### DATA BELOW
+++++

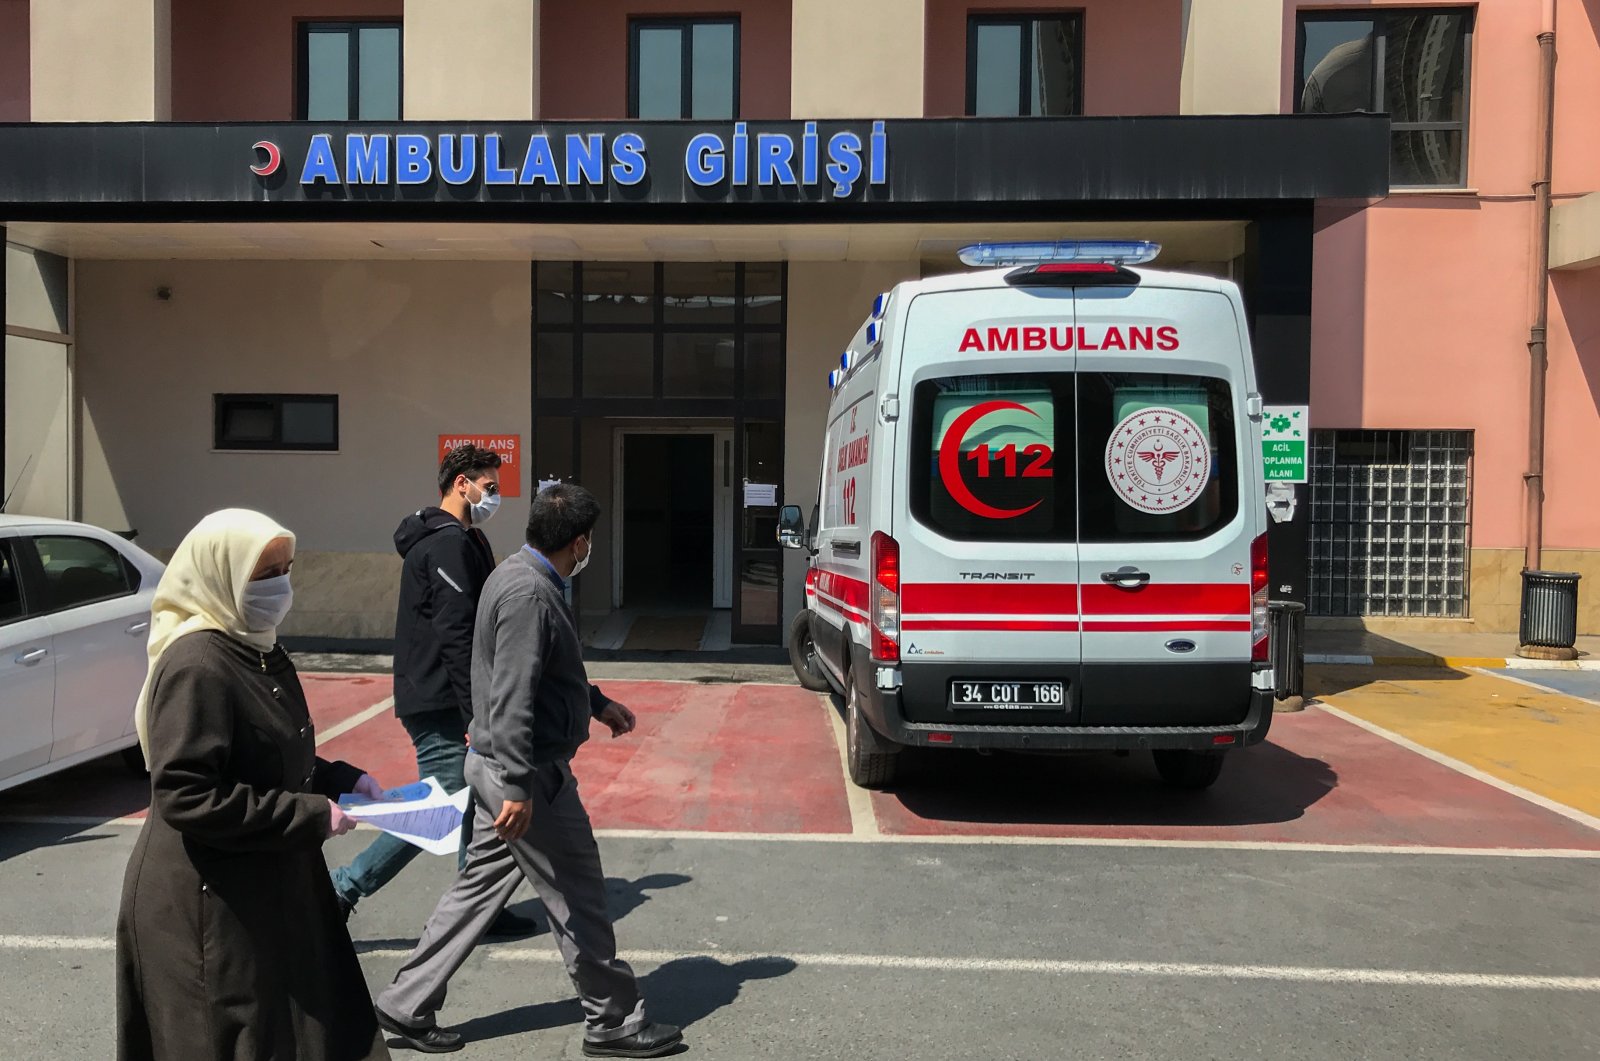 Kementerian Kesehatan Turki memperluas cakupan layanan perawatan di rumah untuk lansia
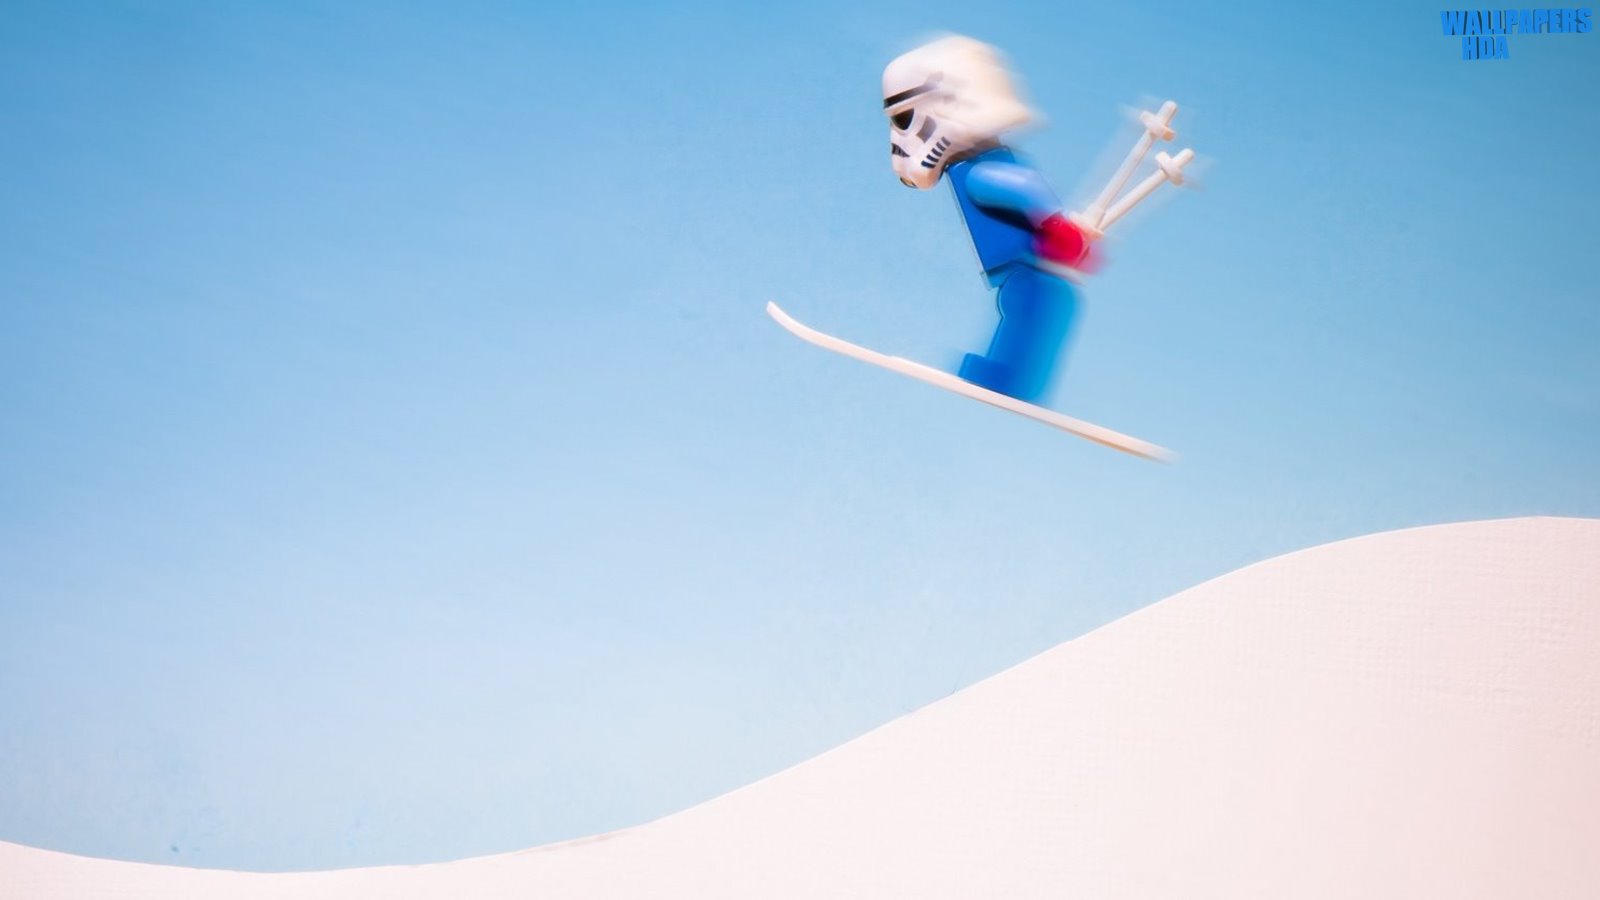 Stormtrooper skiing wallpaper 1600x900
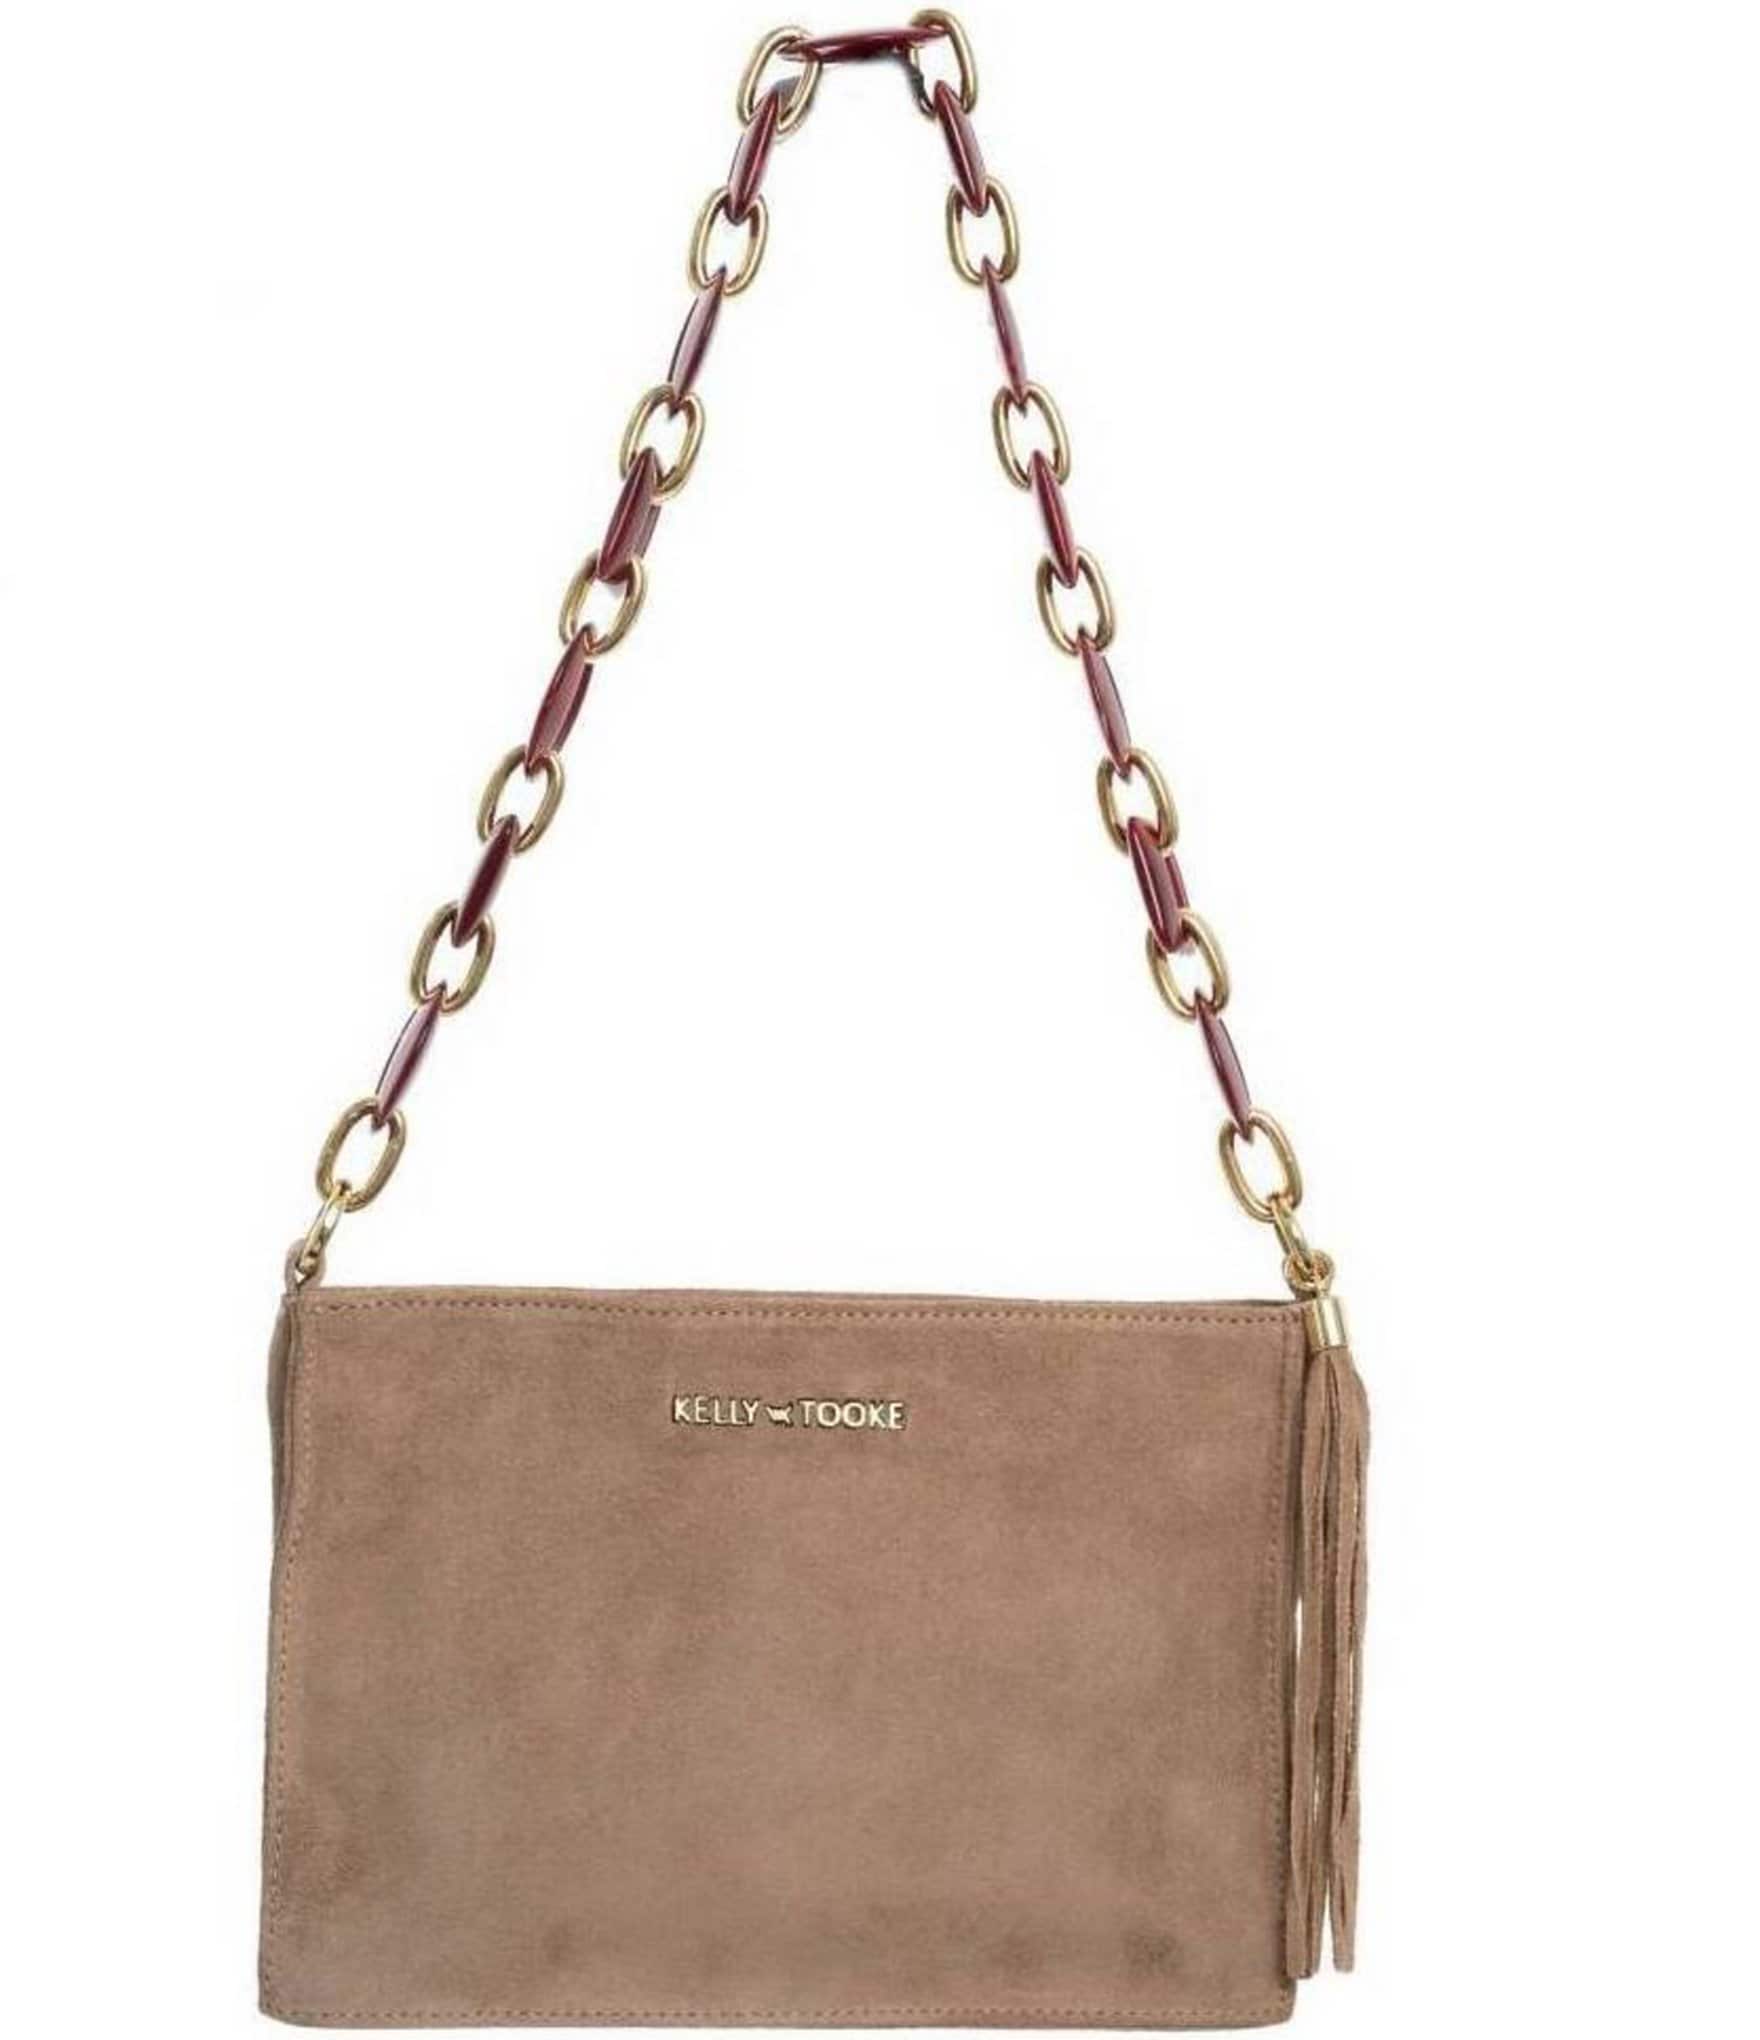 Kelley-Tooke Leather Berry Chain Side Tassel Clutch Crossbody Bag ...

+++++

### TASK INSTRUCTIONS
Apart from the pictures, all of the data must be duplicated exactly as shown above.

### TASK SOLUTION
 Kementerian Kesehatan Turki memperluas cakupan layanan perawatan di rumah untuk lansia
 Stormtrooper skiing wallpaper 1600x900
 Kelley-Tooke Leather Berry Chain Side Tassel Clutch Crossbody Bag ...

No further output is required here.